Menteri Urusan Jajahan, Colijn, mengambil tindakan tegas terhadap marinir-marinir pemberontak. Ia mengeluarkan perintah untuk menumpas pemberontakan, bahkan mengancam untuk menenggelamkan kapal perang tersebut dengan torpida yang membawa senjata berat jika perlu. Colijn juga melarang media pers memberitakan peristiwa ini, namun berita pembajakan cepat tersebar.
Koran Tjatja Soematra melaporkan adanya 160 perwira di kapal, termasuk 9 Belanda, 3 Indonesia, dan sisanya bangsa asing. Koran ini juga menyebutkan bahwa dua perwira melarikan diri ke darat dan melaporkan pembajakan kepada keamanan setempat.
Dampak Pemberontakan
Setelah peristiwa yang menggemparkan itu, De Zeven Provincien masih mampu berlayar hingga ke Onrust (Kepulauan Seribu). Para tahanan kemudian diturunkan dan dimasukkan ke dalam penjara sebelum dihadapkan ke pengadilan. Semua orang yang dianggap pemberontak itu kemudian diadili dan dihukum penjara, dengan rentang hukuman antara 1,5 hingga 18 tahun. Pemimpinnya yaitu Kawilarang, mendapat hukuman yang paling berat.
Komandan dan perwira tinggi yang terlibat langsung dalam peristiwa itu juga diadili di Belanda, sementara 16 perwira lainnya diadili di Hindia Belanda. Meskipun marinir bumiputera yang terlibat dalam pemberontakan mengakui mengagumi pemimpin pergerakan seperti Soekarno dan Soetomo, mereka menegaskan bahwa pemberontakan tersebut sama sekali tidak dipengaruhi atau dikendalikan oleh partai politik manapun.
Penting untuk dicatat bahwa peristiwa pemberontakan ini, meskipun tidak terkait dengan gerakan politik tertentu, memiliki dampak besar pada pergerakan kemerdekaan Indonesia. Bagi pemerintah Hindia Belanda, peristiwa ini menjadi katalisator untuk mengambil tindakan keras terhadap berbagai gerakan perlawanan terhadap pemerintahan kolonial.

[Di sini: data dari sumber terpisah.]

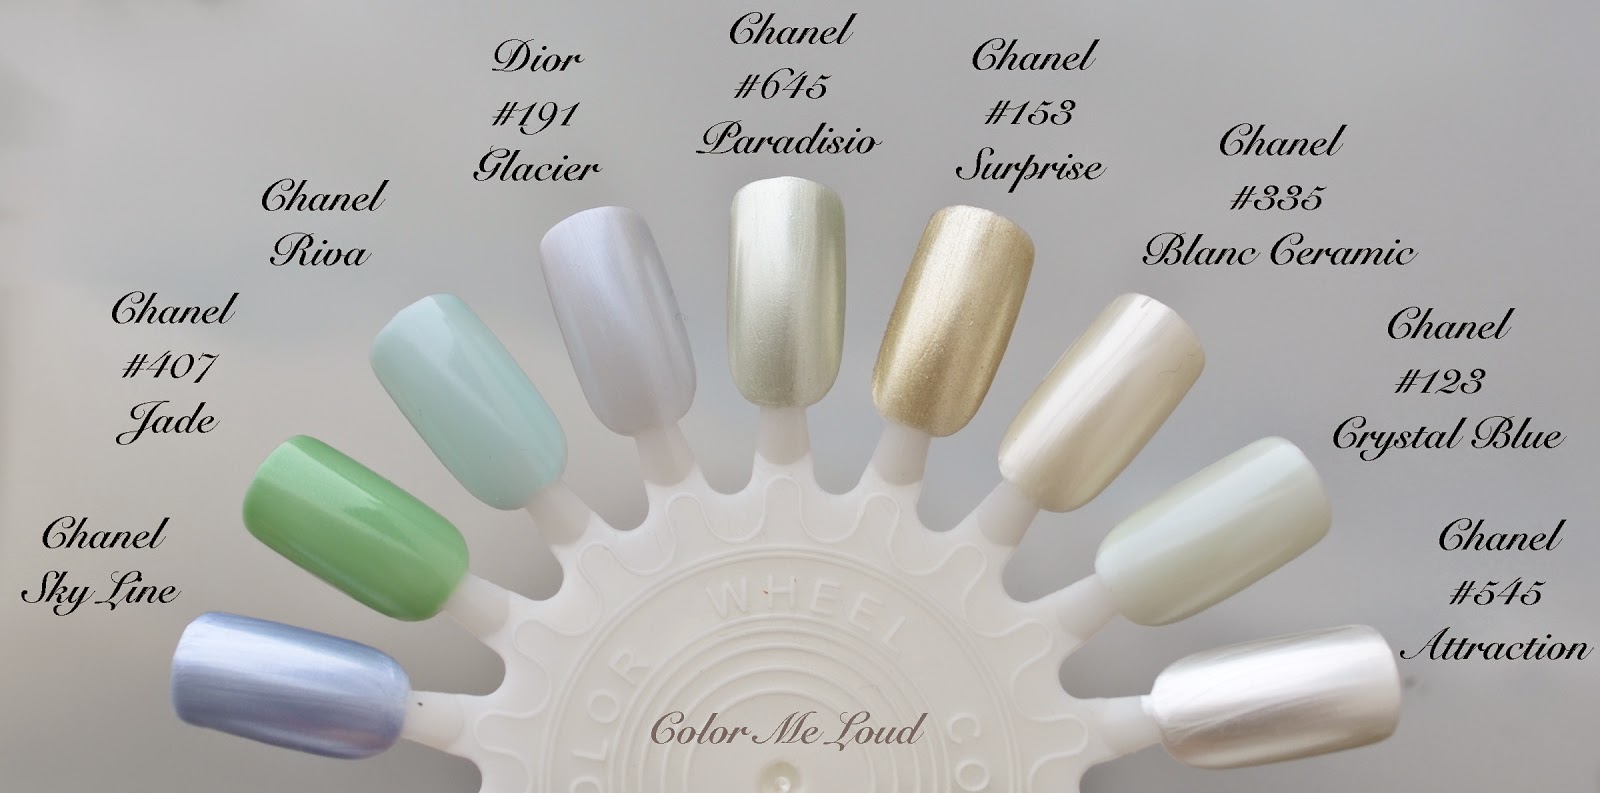 æstetisk Produktion malt Chanel Le Vernis #641 Tenderly, #643 Desirio and #645 Paradisio for Rêverie  Parisienne Spring 2015 Collection, Swatch, Review & Comparison | Color Me  Loud

Peran media massa juga menjadi signifikan dalam peristiwa ini. Terlepas dari upaya pemerintah untuk melarang publikasi tentang pemberontakan, berita tersebut cepat menyebar, memicu reaksi dan kecaman terhadap kebijakan pemotongan gaji dan tindakan keras pemerintah. Surat kabar seperti Tjatja Soematra dan Pandji Timoert memainkan peran penting dalam menyampaikan perspektif dan tuntutan para pemberontak.
Pemberontakan di De Zeven Provincien pada tahun 1933 mencerminkan ketegangan sosial dan ekonomi yang dialami oleh marinir di Hindia Belanda. Pemotongan gaji dan ketidakpuasan terhadap kondisi ekonomi menjadi pemicu utama, sementara peran media dan pandangan politik pemerintah kolonial memainkan peran penting dalam memperkeruh situasi. Dampak peristiwa ini tidak hanya terasa di tingkat lokal, tetapi juga berdampak pada dinamika politik dan perlawanan nasional di Hindia Belanda. Pada akhirnya, hal ini juga membentuk langkah-langkah lebih lanjut menuju kemerdekaan bangsa Indonesia.